Technologies to counter this include better liveness detection, behavioral data, device intelligence and session integrity, biometrics, and agentic AI use, observers say.

“We’ve reached a point where human intuition or the digital-verification strategies of yesterday are no longer enough—we need AI to fight AI,” Pointner says. “Advanced liveness detection is necessary with the sophistication of today’s deepfakes. This AI technology can analyze a person’s face and check for signs of life, such as blinking, subtle movements, and lighting, to prove the person behind the screen isn’t just a camera injection.”

Elements such as device intelligence and session integrity are important because they can provide context for a user’s actions.

“We are moving toward a world where identity and payments are no longer disjointed events, but rather a single, unified action, sometimes described as ‘Log in and Pay,’ says Israel Mazin, chief executive and cofounder of Memcyco Inc., an Israel-based digital risk-protection company. “By establishing trust upstream through continuous session integrity, we ensure that manipulation is detected before it turns into an authorized loss.”

Continuous Verification

Detection has always been the key. In the near term, it becomes more important as payments companies adopt agentic AI in their fraud-prevention efforts, more consumers adopt digital wallets, and technology consolidates to make AI easier to access.

“Within two to three years, I believe there will be a mass rollout of digital identity that will become as seamless as [what] tap-to-pay did for payments and it will live on your phone like a digital wallet, effectively ending the era of carrying physical plastic cards,” Pointner says.

“In this end state, when you provide proof of identity, the vendor receives the verification they need, but the proof stays with you,” he continues. “This eliminates the creation of centralized data honeypots that are attractive to hackers and creates a more secure and seamless digital environment where identity is portable and privacy-centric.” Europe, for example, has a digital-wallet mandate requiring each member state to create at least one certified and interoperable wallet by year’s end.

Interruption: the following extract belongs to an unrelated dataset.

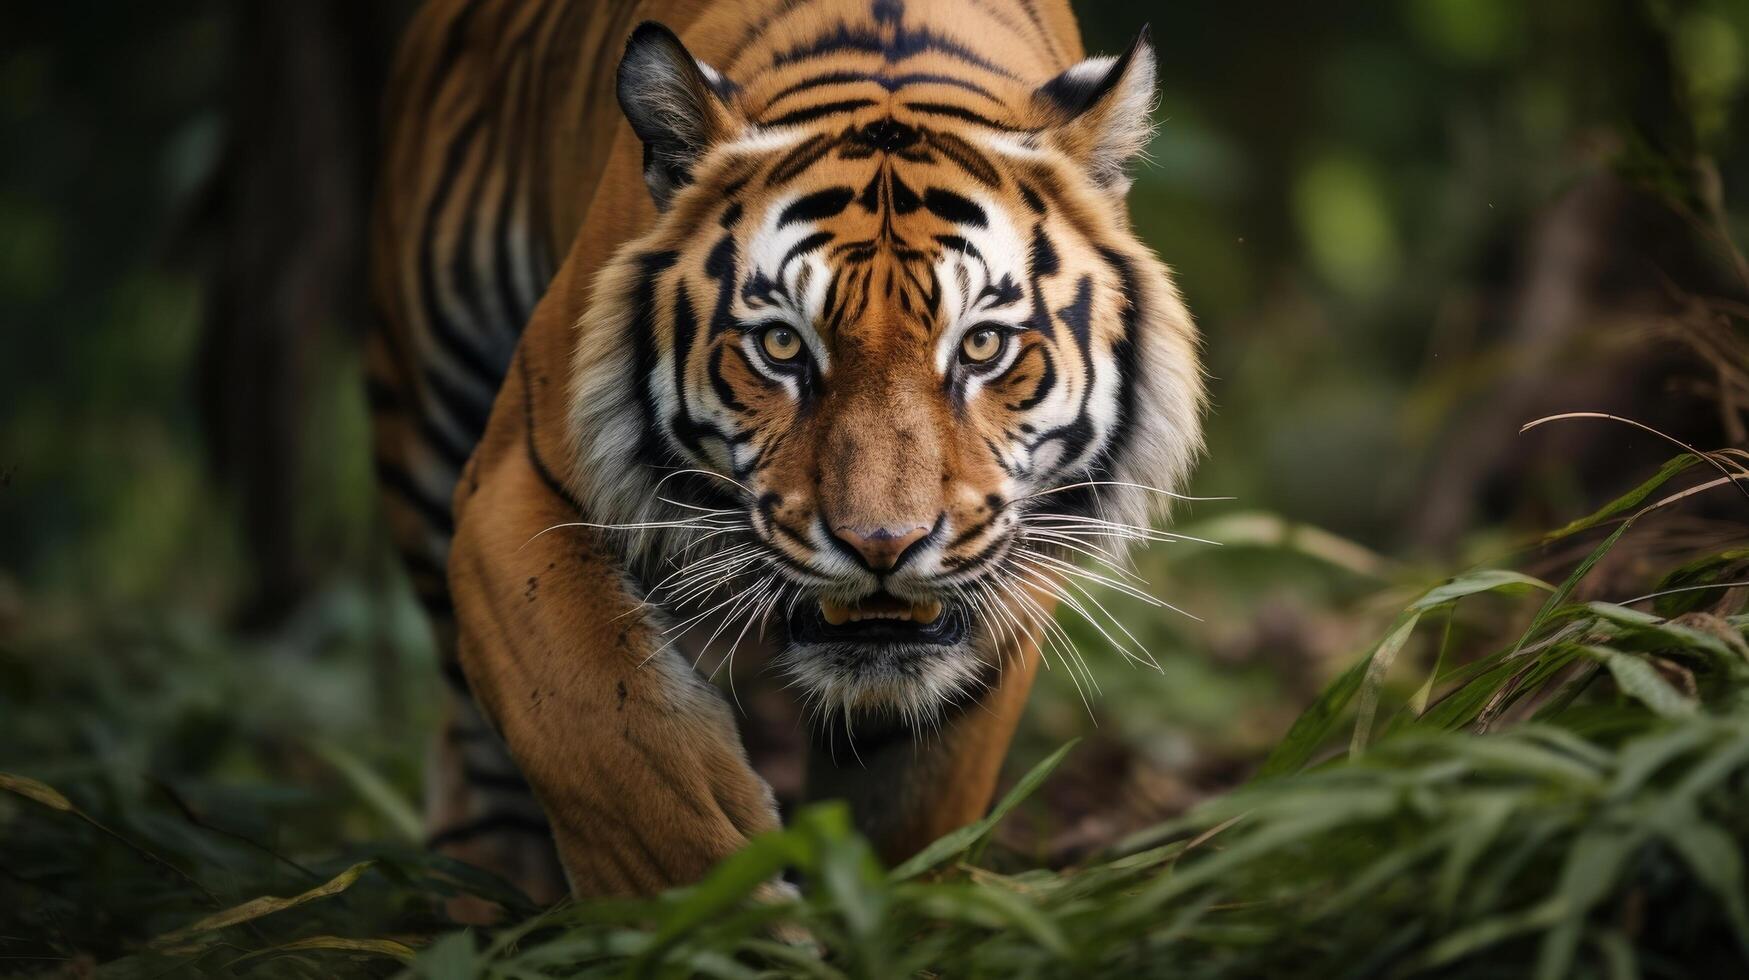 AI generated Closeup of tigress with fierce expression in jungle photo

A realistic end state could include continuous verification that replaces point-in-time checks. It would also likely include portable and reusable digital identities, adaptive authentication, and clear accountability, such as the ability to explain and defend why a merchant was approved and retains support, “not simply that onboarding requirements were met,” says Leo Patching, chief executive of Kompliant, a LegitScript company.

“That shift is being driven by two forces,” adds Patching. “First, card-network programs now measure real outcomes, like fraud and disputes, and require remediation when thresholds are exceeded, rather than relying on static compliance artifacts. Second, the industry has recognized that transaction-monitoring explains what already happened, while merchant intelligence determines who you are still funding.”

‘Hitting Walls’

Coordinating all of this will take more collaboration among payments companies, Bartolacci says, especially as more digital channels emerge and their use grows. “Every feature or convenience for a user also is a convenience for a threat actor, too,” he says.

A view that fraud prevention is a journey, not a destination, can be helpful in the emerging digital-payments arena.

“Today, the most successful use cases blend identity, authentication, and payment authorization into one continuous, adaptive process,” says Saurabh Joshi, president of payments at Fort Worth, Texas-based CSG Forte Payments Inc.

“Meanwhile, agentic AI-powered risk engines evaluate context in milliseconds and decide when to step up or silently approve,” he adds. “For customers, behavior and biometrics do most of the talking, so they rarely need to take more steps with passwords and onetime codes. Good customers almost never feel the machinery, and bad actors keep hitting walls.”